Title: Syndromic associations of congenital malformations of dentition: A clinical and genetic overview
Abstract:
Congenital malformations of the dentition are not uncommon in both children and adults, particularly when associated with heritable syndromic conditions. In this presentation, we aim to highlight the strong connection between developmental dental anomalies and a wide variety of genetic syndromes. We focus on the underlying genetic causes of abnormal dental development and emphasize the importance of establishing an accurate clinical diagnosis as early as possible. Abnormally shaped teeth, oligodontia, or dentin defects often form part of a broader syndromic presentation. A comprehensive review of PubMed and specialized textbooks revealed more than 303 syndromic entities in which congenital dental maldevelopment is a significant feature. One of the common examples is Christ-Siemens-Touraine syndrome (X-linked hypohidrotic ectodermal dysplasia), the most prevalent form of ectodermal dysplasia. Affected males typically have normal intelligence but exhibit sparse scalp hair, eyebrows, and eyelashes, lack of body hair, and an inability to sweat, which can result in recurrent high fevers during infancy. Dentition is markedly affected, with most teeth missing and those present often displaying a conical shape. Additional features may include progressive hyperpigmentation, dry skin around the eyes, prominent forehead, saddle nose, full lips, and a hoarse voice. Female carriers may show subtle signs such as sparse hair or abnormal dentition, including oligodontia and altered tooth morphology.

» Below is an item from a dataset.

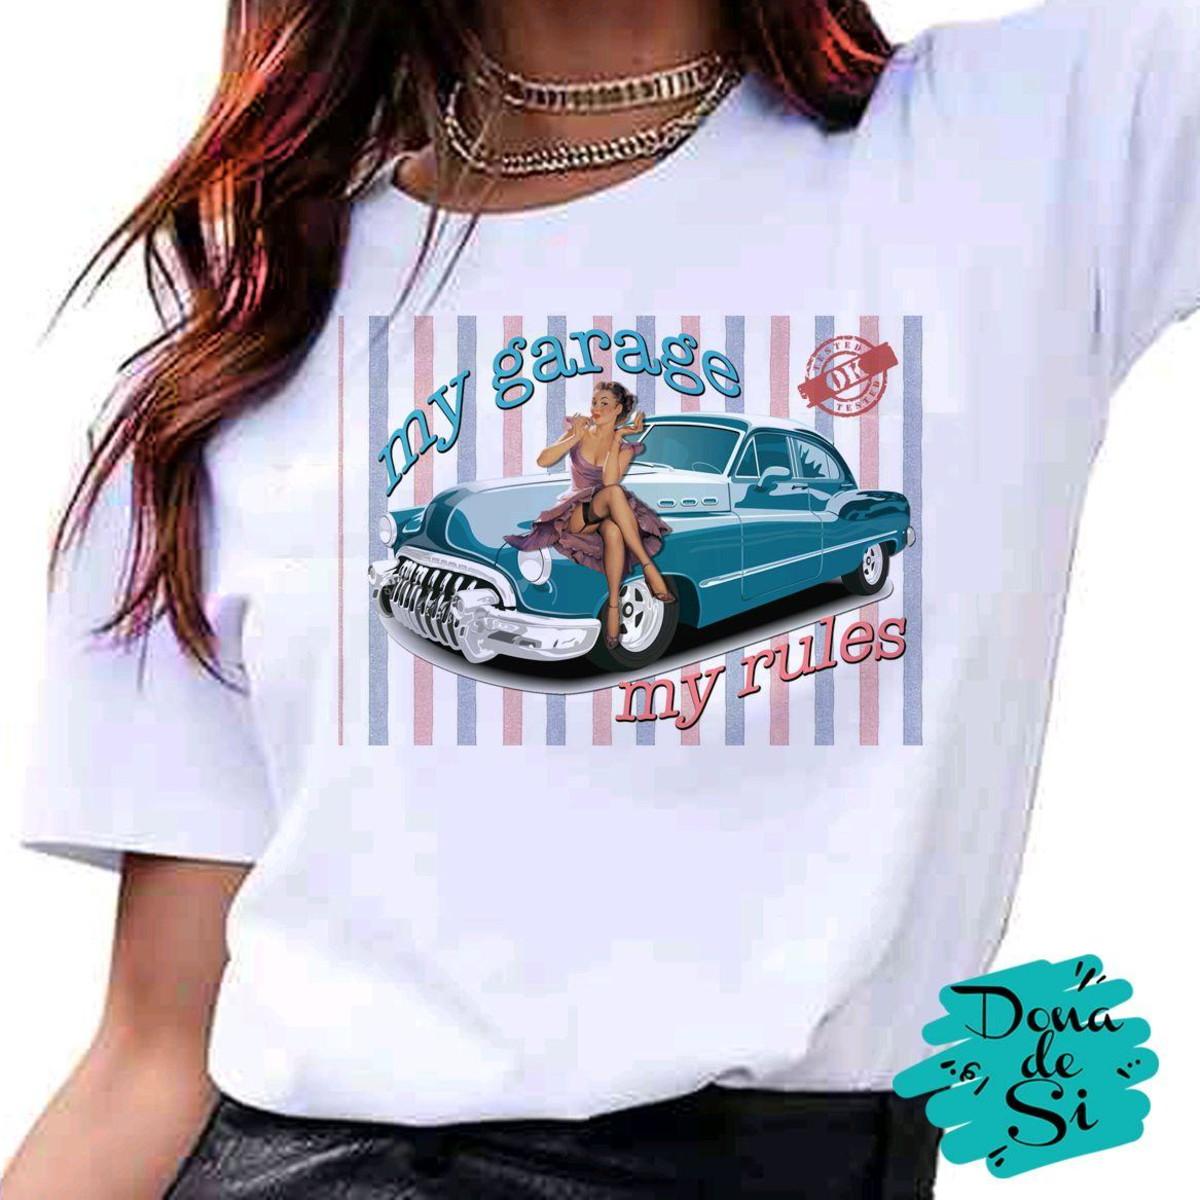 b1e321a964 Camiseta pin up e carro antigo vintage fashion tumblr no Elo7

Another key example is dentinogenesis imperfecta, a major dental manifestation in children and adults with osteogenesis imperfecta. Here, we present clinical and radiological findings from selected families to illustrate the spectrum of phenotypic features associated with these syndromes. Our aim is to reinforce the need for early diagnosis and multidisciplinary management to optimize patient care and genetic counseling.